PAULINE WATSON will be remembered as a woman who inspired and supported others through cancer, even while battling the disease herself.
Mrs Watson, founder of the Launceston Breast Cancer Support Group and staunch advocate for the Breast Cancer Network, died early on January 30, aged 69.
Mrs Watson was diagnosed with breast cancer in 1991 and relapsed in 1993 in the spine. Doctors did not expect her to live two years.
Demonstrating her usual feistiness, she persisted with treatment.
Son Wayne said battling the illness inspired her to support other women. The West Australian man said staying at his parents' Launceston home meant being surrounded by breast cancer fund-raising merchandise.
``Once she beat it, that's when she tried to get that attitude in other people,'' he said.
``I'll remember her cancer involvement . . . Seeing her do so much for so many people and just getting enjoyment.''
Mrs Watson volunteered with the Cancer Council and regularly had coffee with women battling breast cancer. The meetings became so well-attended that she decided to formalise the process.

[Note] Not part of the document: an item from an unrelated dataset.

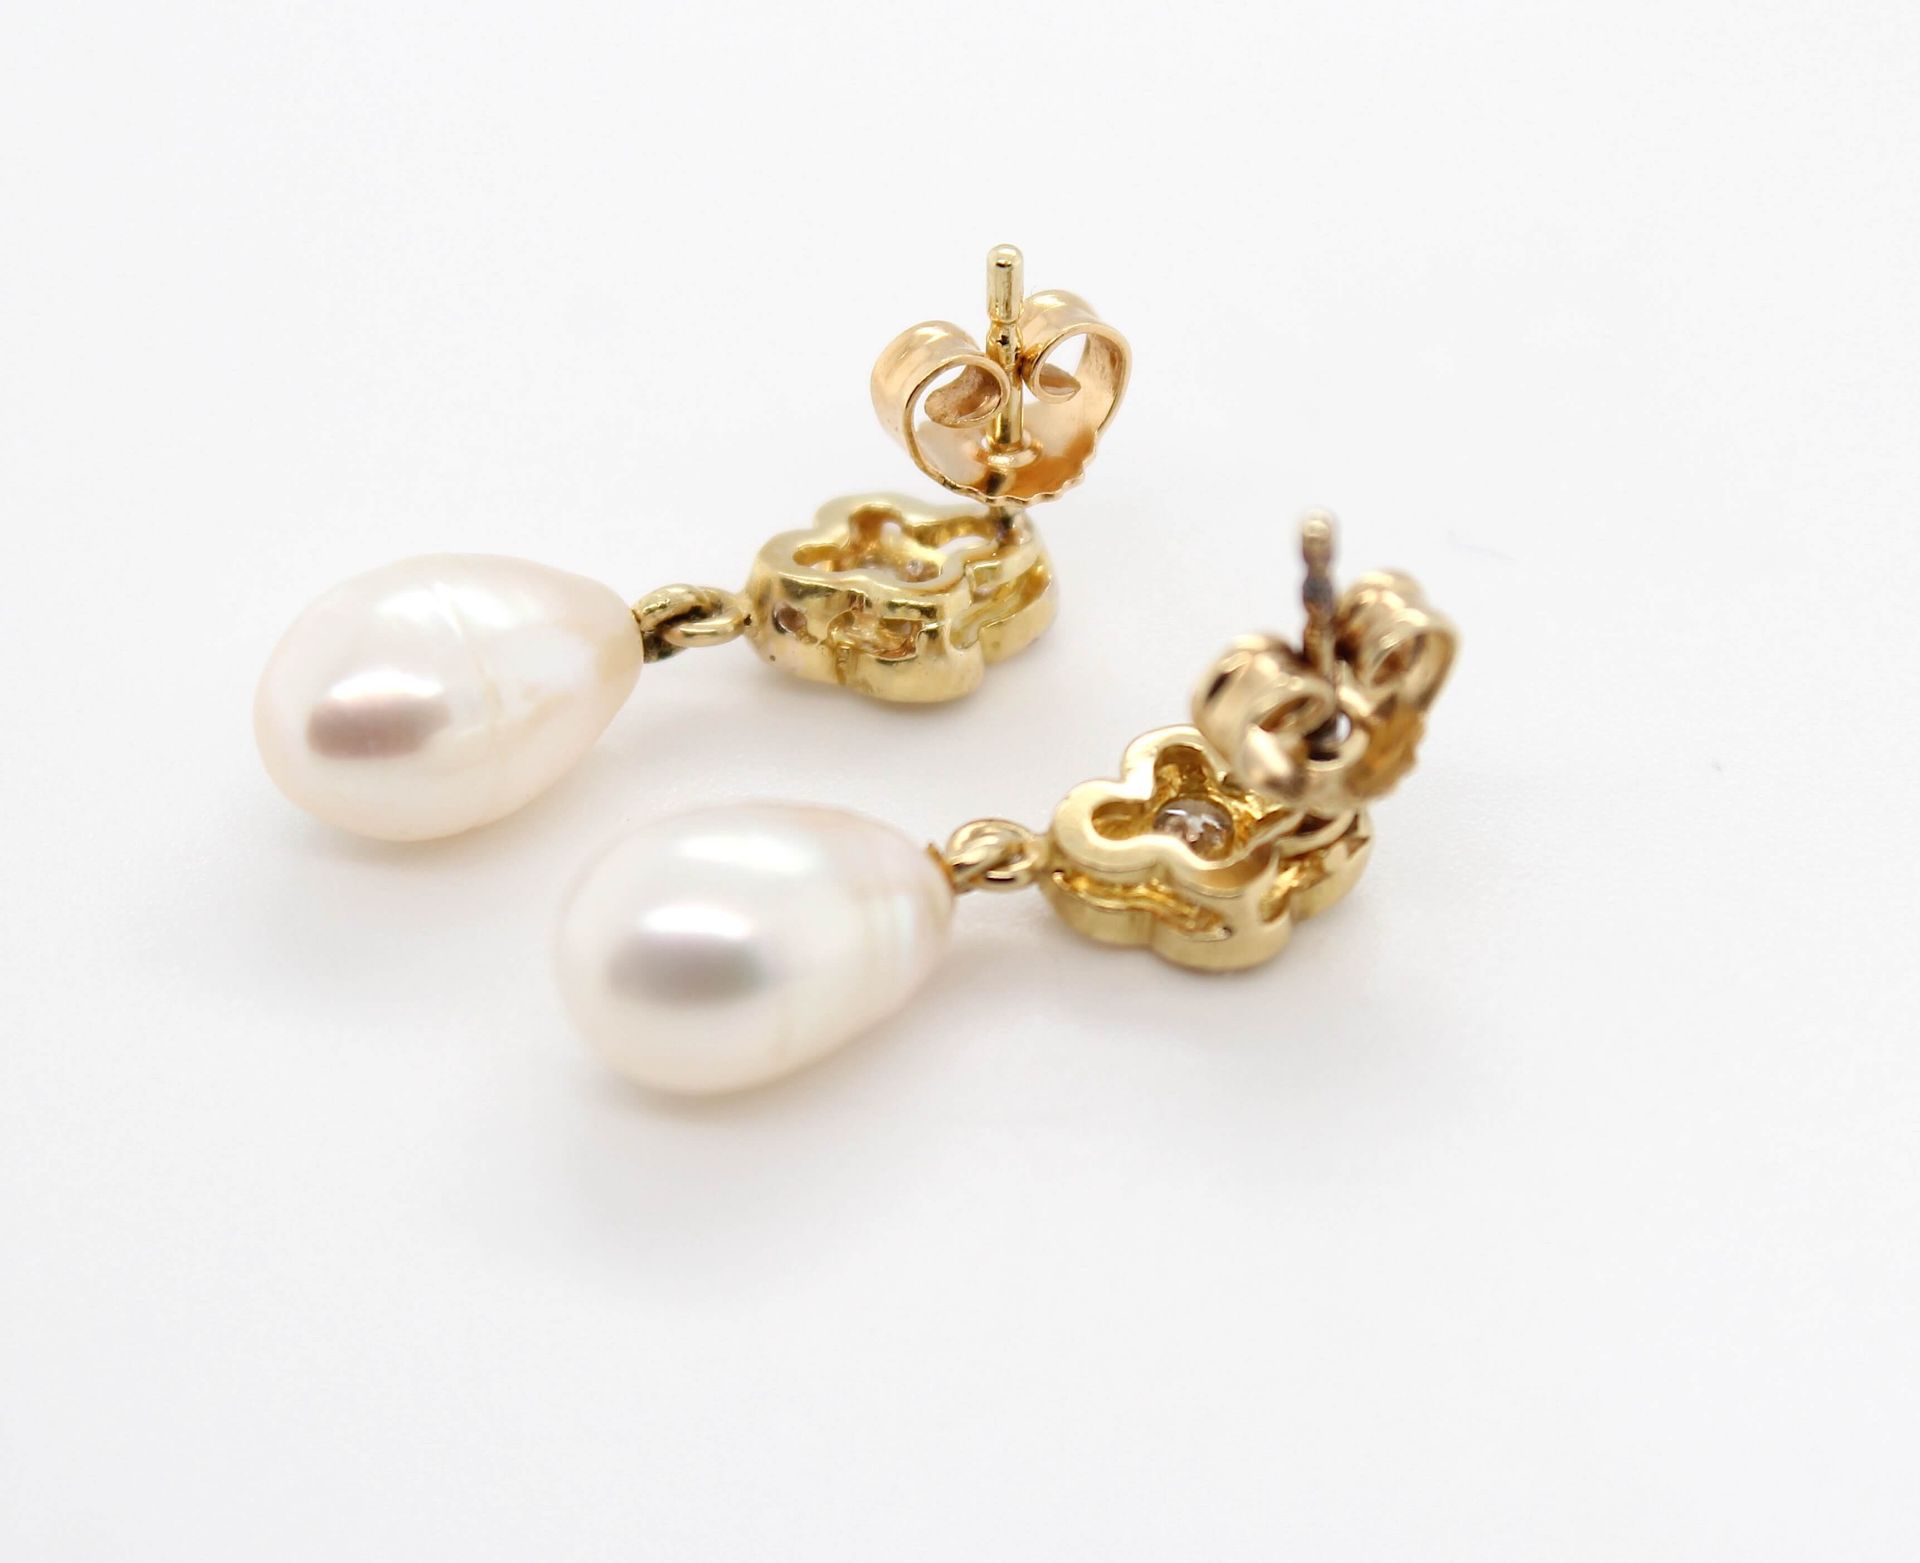 Earrings with cultured pearl and total of ca. 0.56 ct brilliants - Image 2 of 2

Here, the Launceston Breast Cancer Support Group was formed.
The group changed the lives of countless women suffering the illness.
After 15 years of treatment but relative safety, cancer was found in Mrs Watson's lung. The disease eventually moved to her brain, where tumours quickly doubled from three to six.
The return of the illness did not prevent Mrs Watson's involvement in Relay for Life, Launceston's Cancer Support Centre and Biggest Morning Tea.
State Breast Cancer Support Network chairwoman Mandy Forteath said Mrs Watson's effect on people was indescribable.
``She was welcoming, open and totally honest.
``She'd keep checking in on people. She had a genuine sincerity.''
Mr Watson yesterday reflected on his life with Mrs Watson. The past two years of his life were spent caring for his wife.
The pair met in 1975, when Mrs Watson managed a motel in Echuca. By March 1976, Mr Watson had proposed.
He said the proposal was one of his fondest memories. He popped the question casually mid-conversation. Just as easily, she responded with a yes.
Their life was spent moving between New South Wales, Victoria and Tasmania, eventually settling in Launceston.
Mrs Watson was heavily involved in Punchbowl Primary School's Parents and Friends Association, Little Athletics and school and social tennis as children Paul and Wayne grew up.
Paul said tributes to his mother were flowing in from friends.
``If friends were diagnosed with cancer, I'd just get them to spend half an hour with Mum,'' he said.
``Those that did benefited.''
Mr Watson already misses his partner, who will be remembered on Wednesday in Launceston and Friday in Bendigo.
``I didn't appreciate until the last three months how beautiful her smile was,'' Mr Watson said.